Сесилия обожала подобные мероприятия. Парад пасхальных шляп обобщал все, что ей нравилось в собственной жизни: благополучие и простоту, чувство общности. Но сегодня действо казалось бессмысленным, дети – сопливыми, а матери – стервозными. Она прикрыла ладонью зевок и почуяла на пальцах запах кунжутного масла. Теперь так пахла вся ее жизнь. Новый зевок застал ее врасплох. Они с Джоном Полом засиделись допоздна, в напряженной тишине мастеря девочкам пасхальные шляпы.

Появился класс Полли, возглавляемый очаровательной миссис Джефферс, которая изрядно потрудилась, чтобы нарядиться огромным, блестящим, завернутым в розовую фольгу пасхальным яйцом.

Полли держалась сразу за ней, вышагивая с важным видом, словно супермодель; ее пасхальная шляпа была лихо сдвинута набекрень. Джон Пол соорудил птичье гнездо из собранных в саду веточек и наполнил его пасхальными яйцами.

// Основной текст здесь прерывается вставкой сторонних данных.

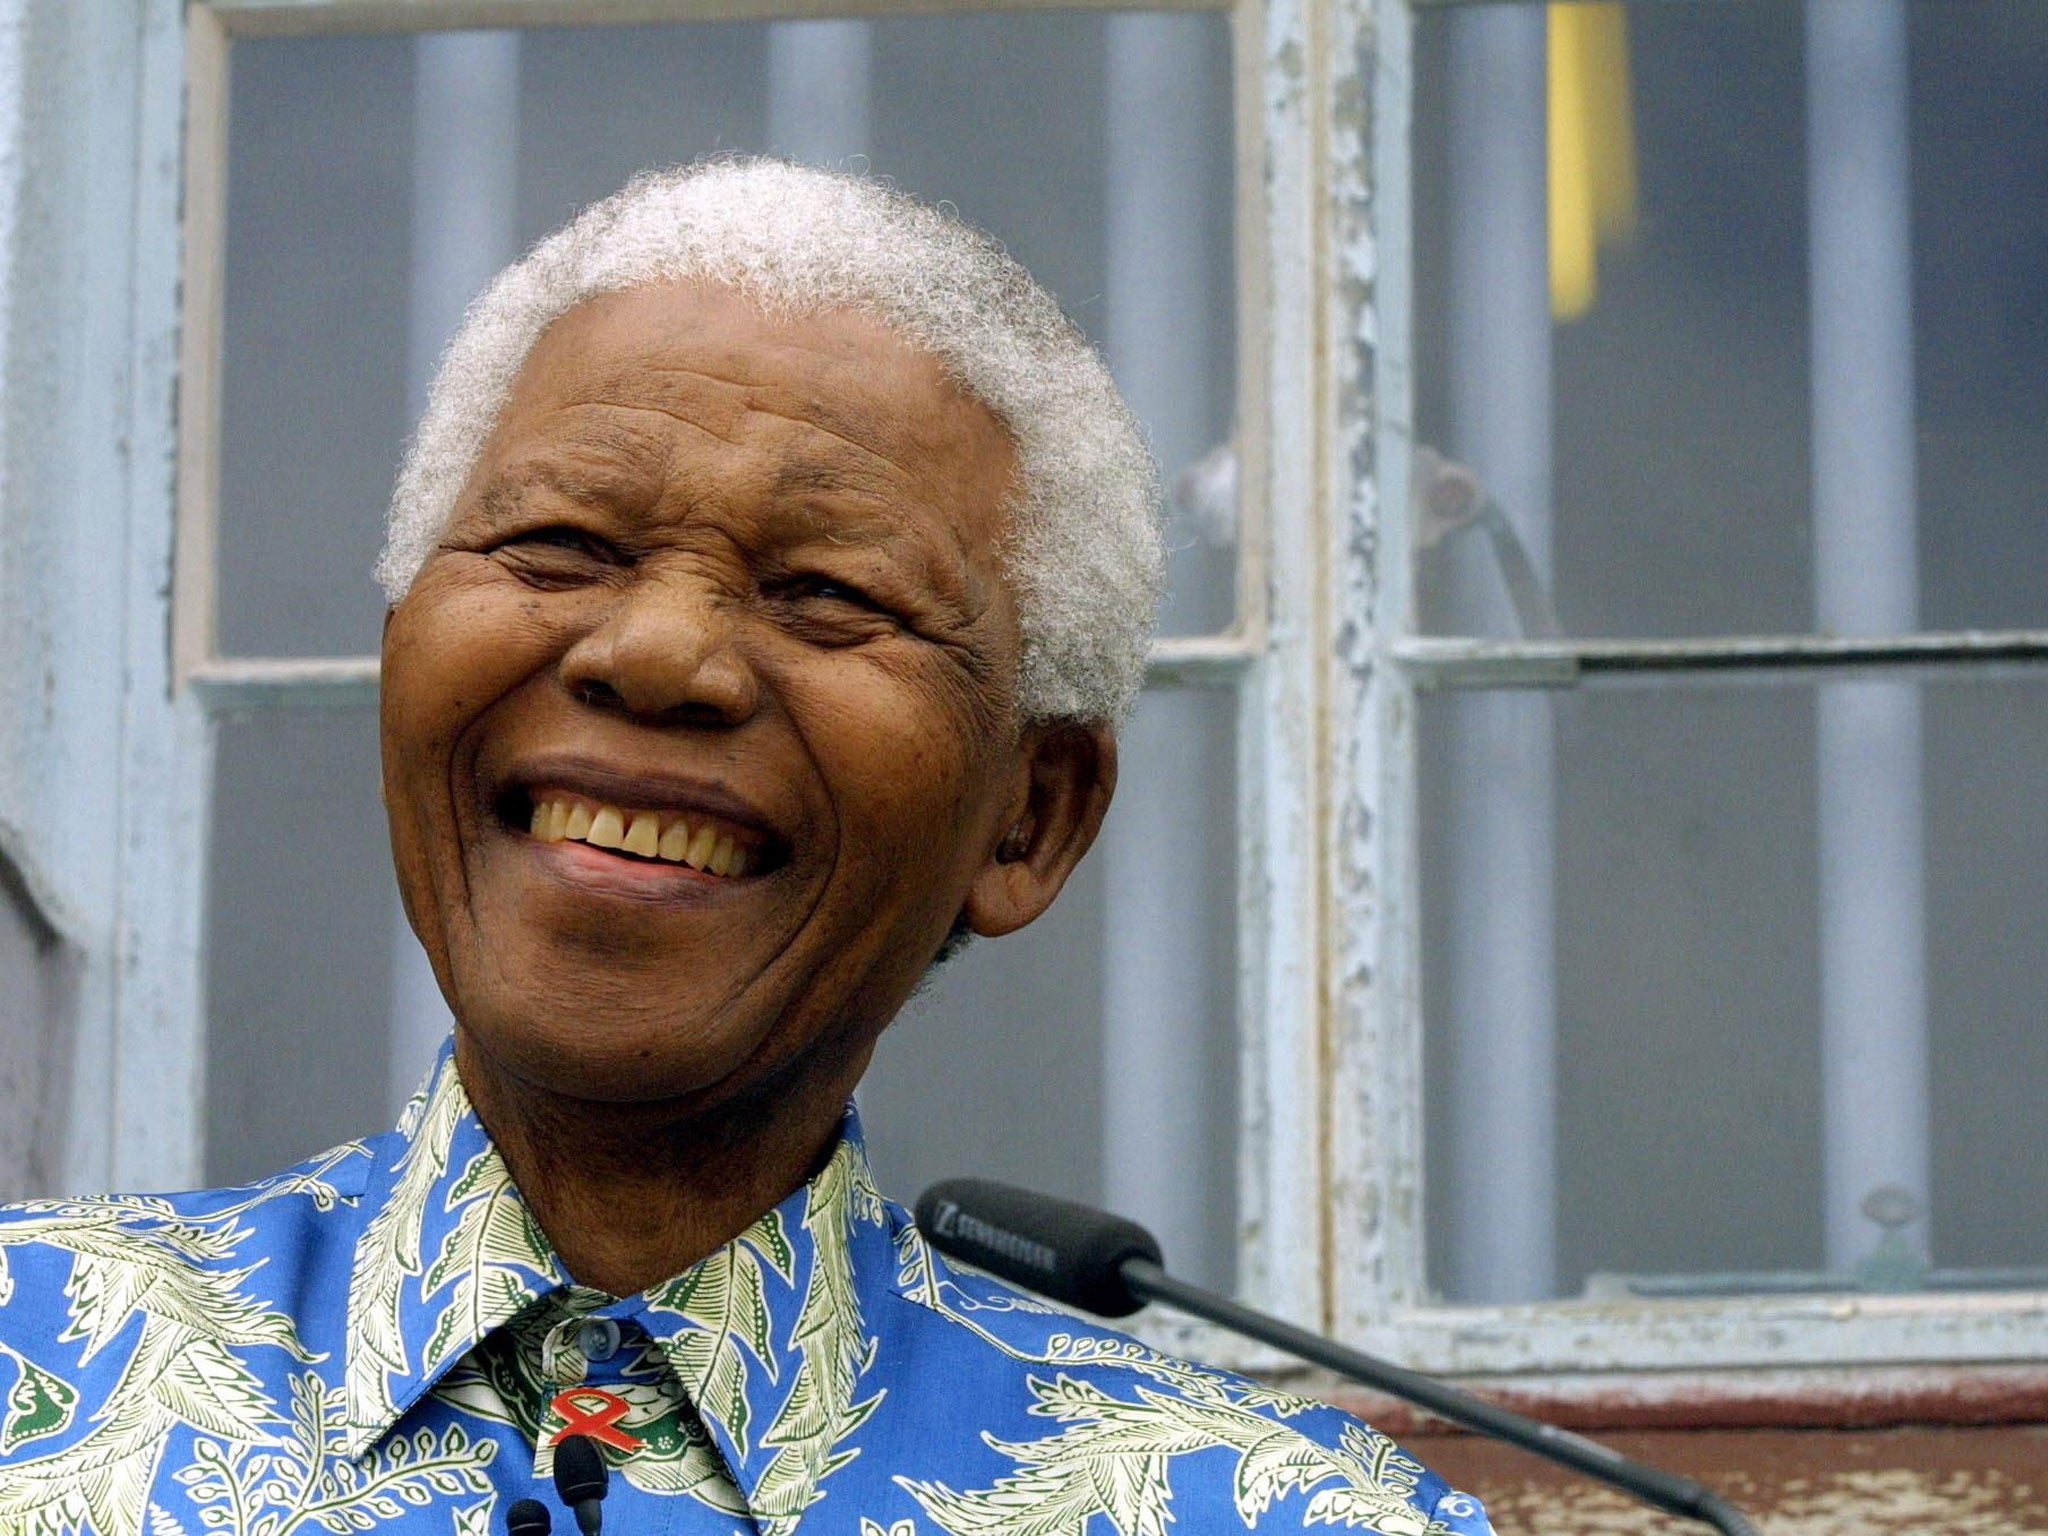 Mandela is being treated at a hospital in Pretoria

Из одного выглядывал пушистый желтый игрушечный цыпленок, как будто только что проклюнулся.

– Господи, Сесилия, ну ты даешь, – обернулась Эрика Эджклифф, сидящая прямо перед ней. – Шляпа Полли выглядит потрясающе.

– Ее сделал Джон Пол, – пояснила Сесилия, помахав рукой Полли.

– Серьезно? Повезло же тебе с мужем, – заметила Эрика.

– На редкость повезло, – согласилась Сесилия, отметив, как напевно звучит собственный голос.

Махалия повернулась и посмотрела на нее.

– Ты же меня знаешь, – сообщила Эрика. – Напрочь забыла о параде пасхальных шляп и вспомнила только сегодня утром за завтраком. Тогда я нацепила Эмили на голову старую картонку из-под яиц и сказала: «Придется обойтись этим, малыш».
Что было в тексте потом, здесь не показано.